Aim of the task - Exactly the lines below starting at the line with "Haas CNC Toolroom Mill - Image 4 of 7" and ending at the line with "Young couple enjoying" are wanted, with both ends included. Leave out the pictures and add no other lines.

Records supplied Start Marker

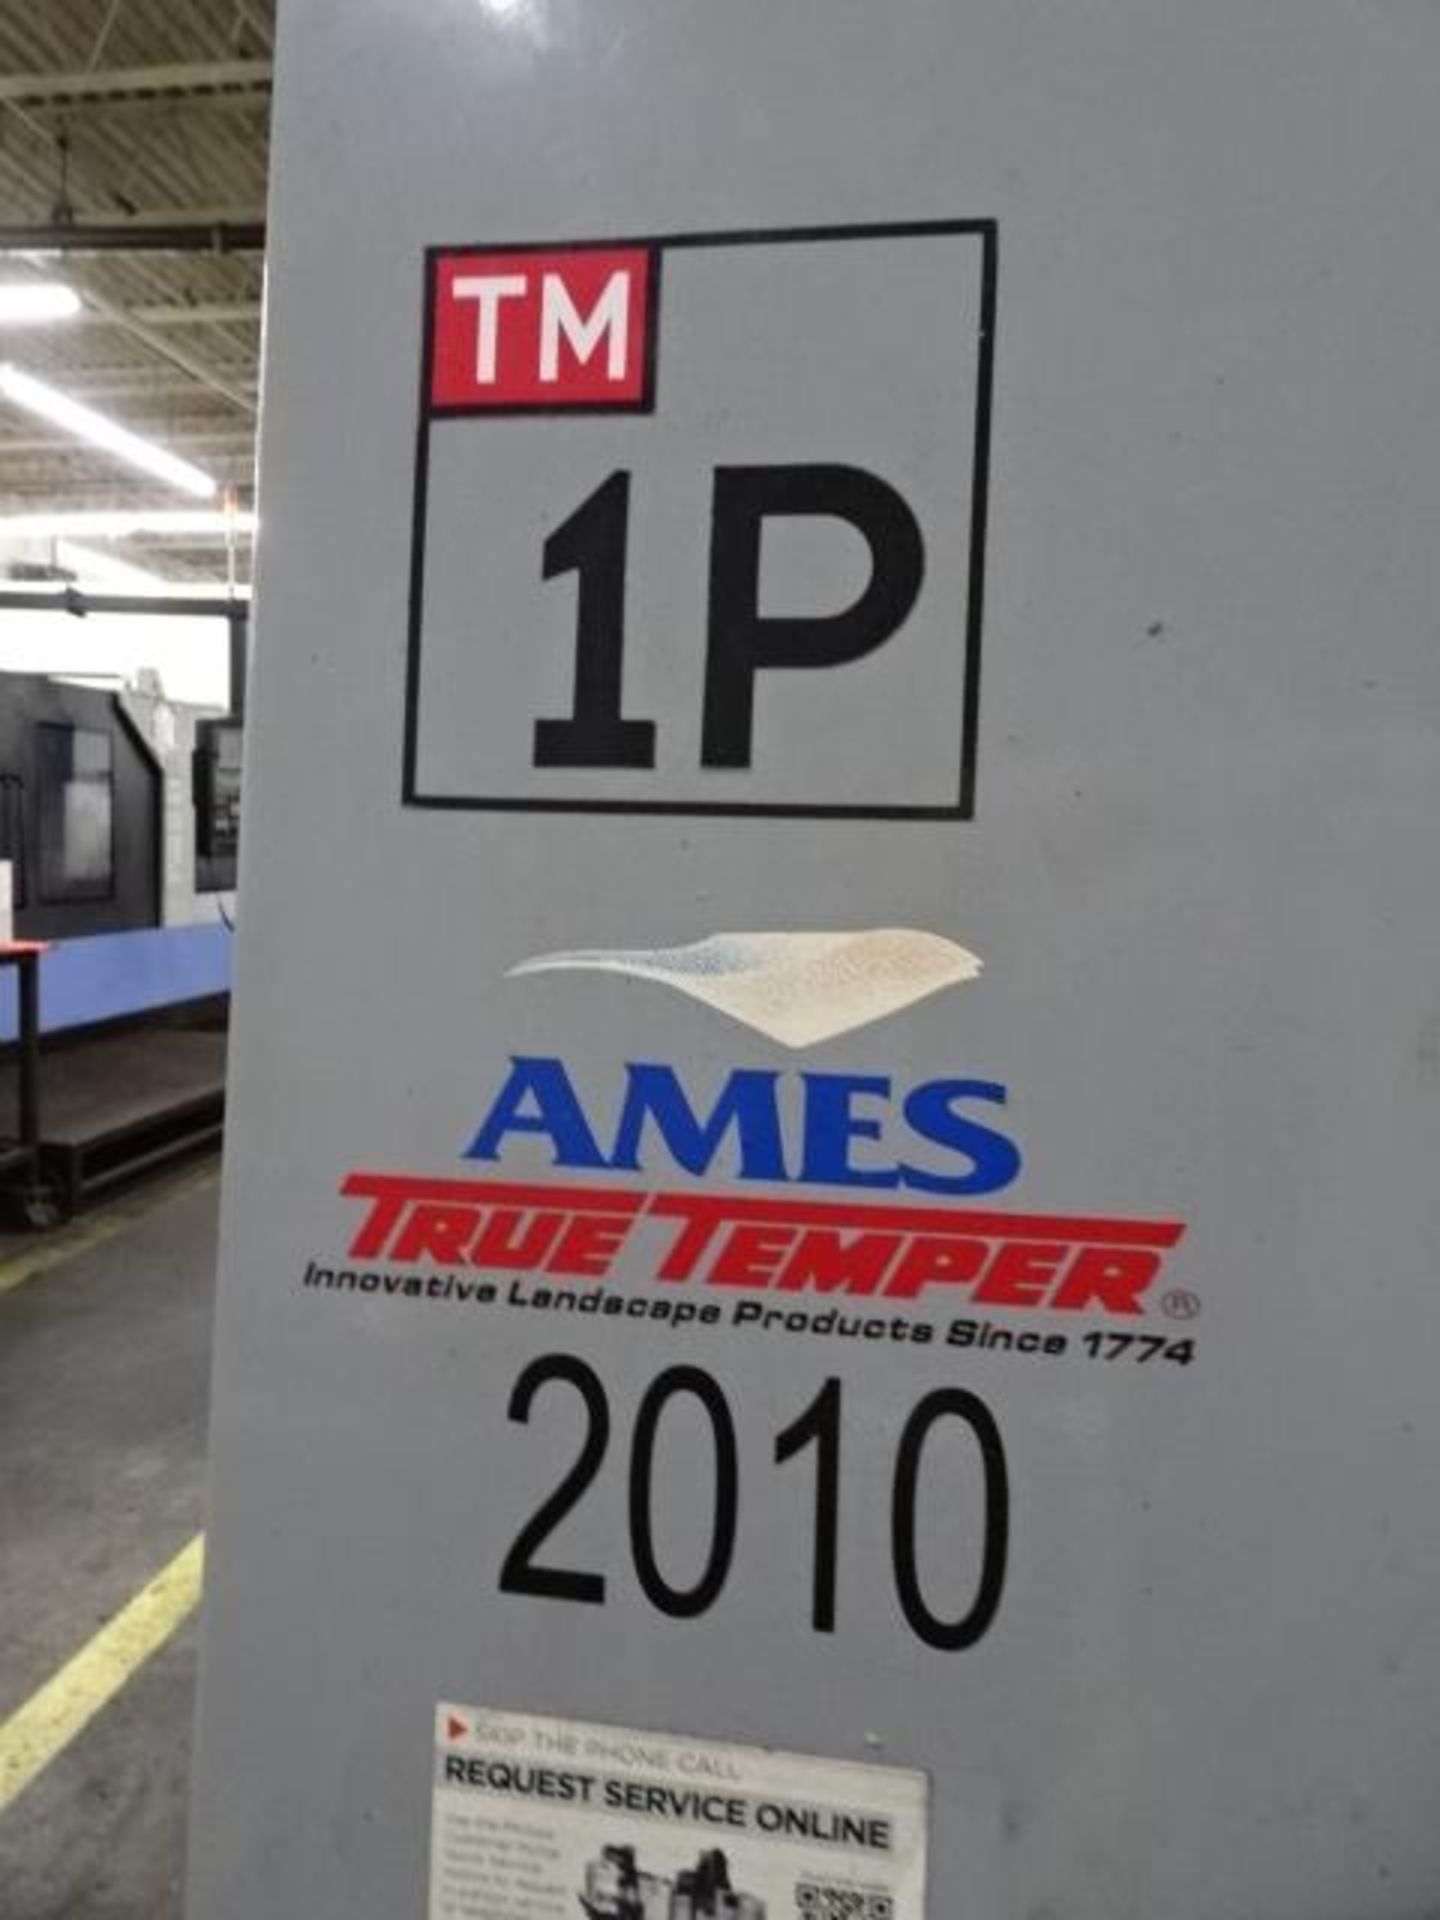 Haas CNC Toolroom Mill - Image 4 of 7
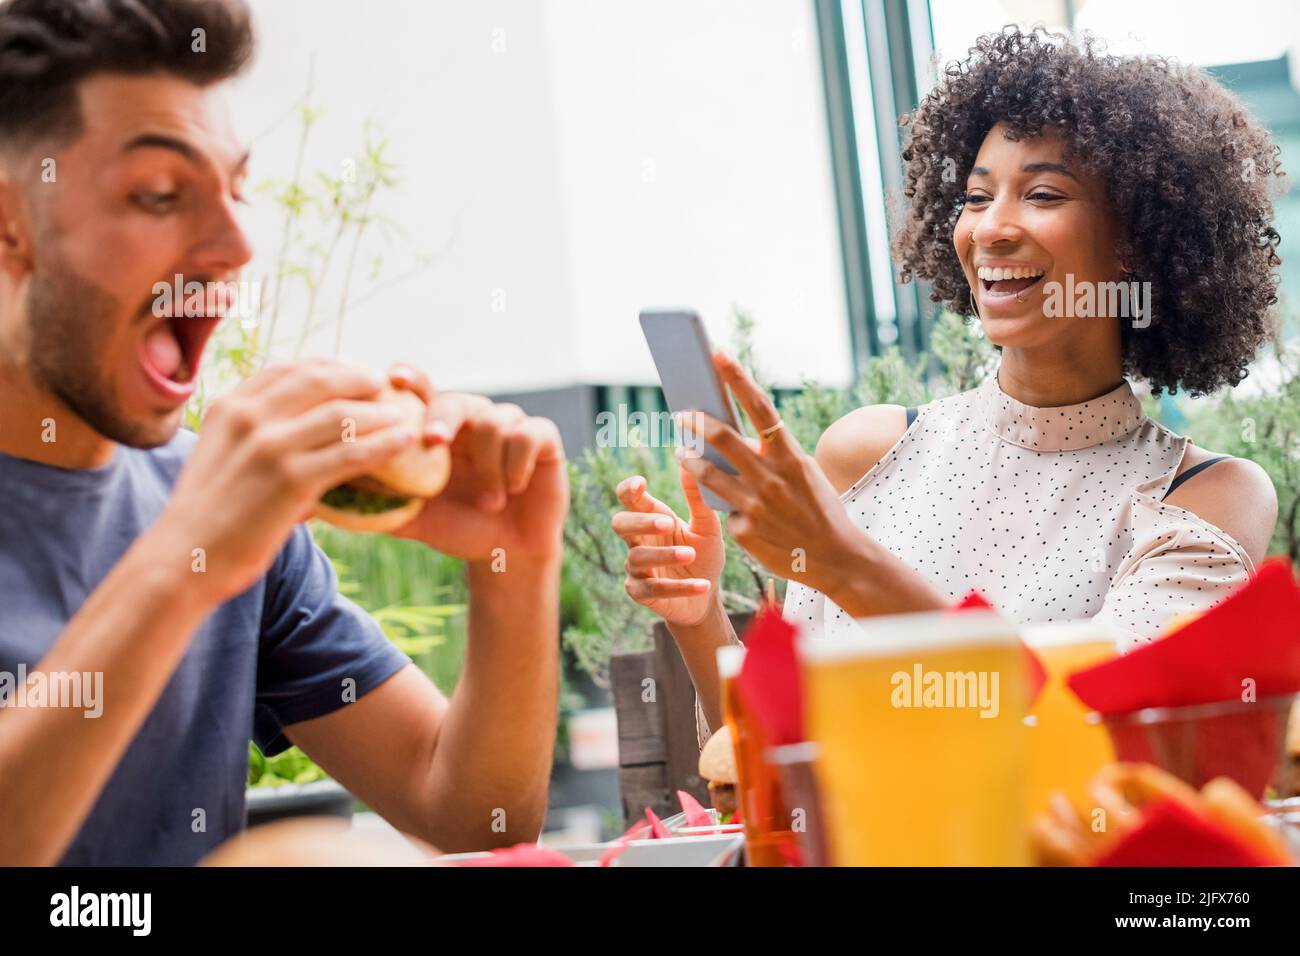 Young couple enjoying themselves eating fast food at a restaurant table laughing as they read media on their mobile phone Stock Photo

Records supplied End Marker
Records supplied Start Marker

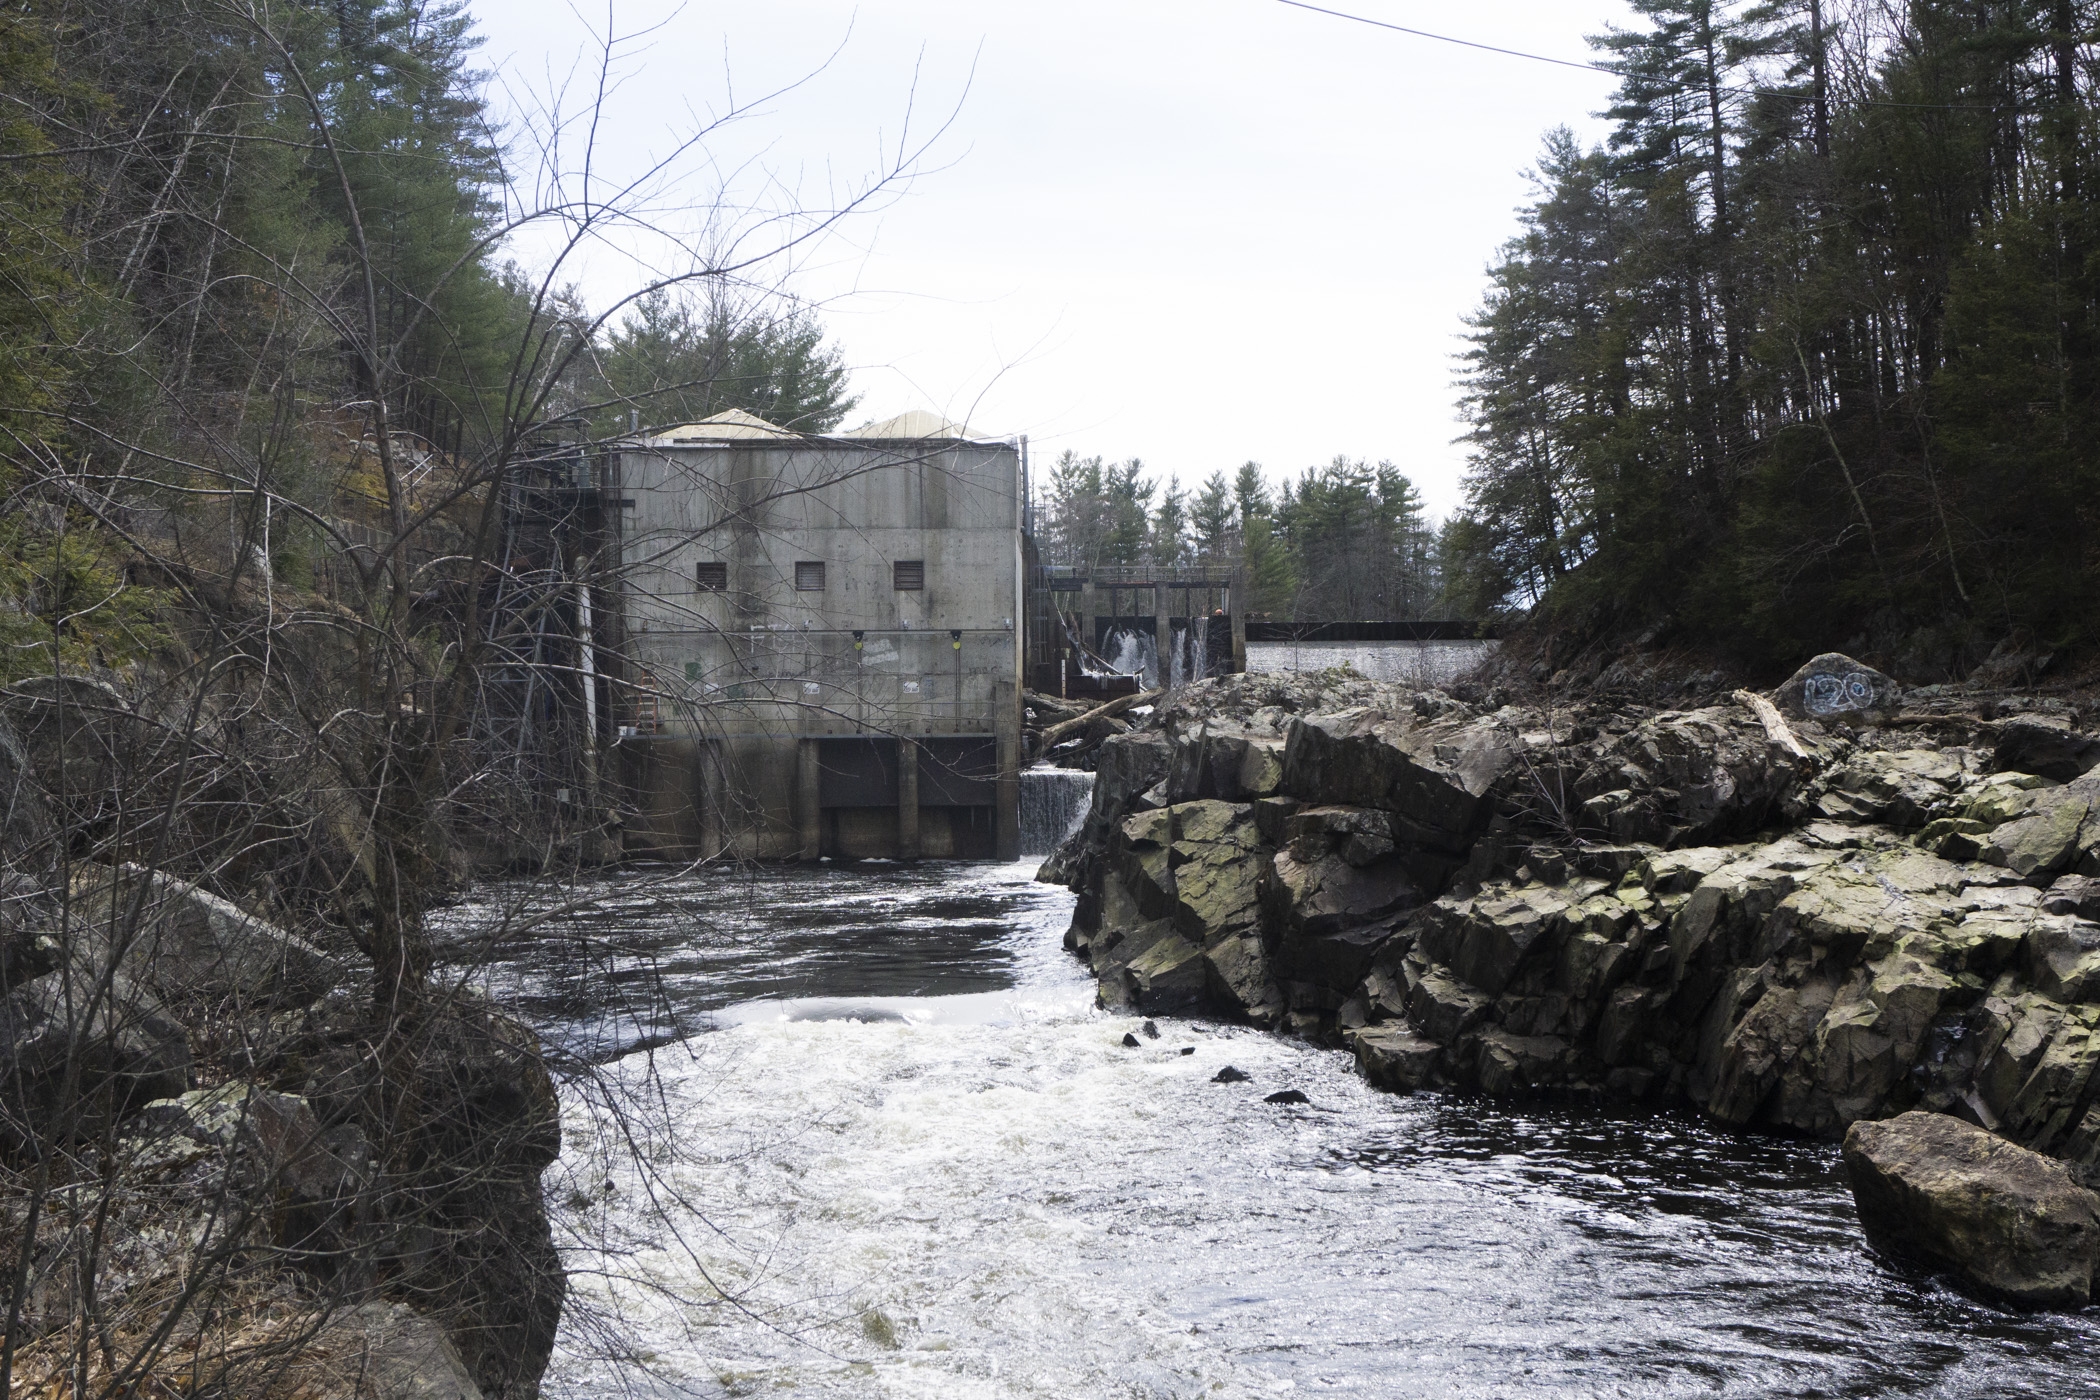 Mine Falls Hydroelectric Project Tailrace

Records supplied End Marker

Reply to the exercise -
 Haas CNC Toolroom Mill - Image 4 of 7
 Young couple enjoying themselves eating fast food at a restaurant table laughing as they read media on their mobile phone Stock Photo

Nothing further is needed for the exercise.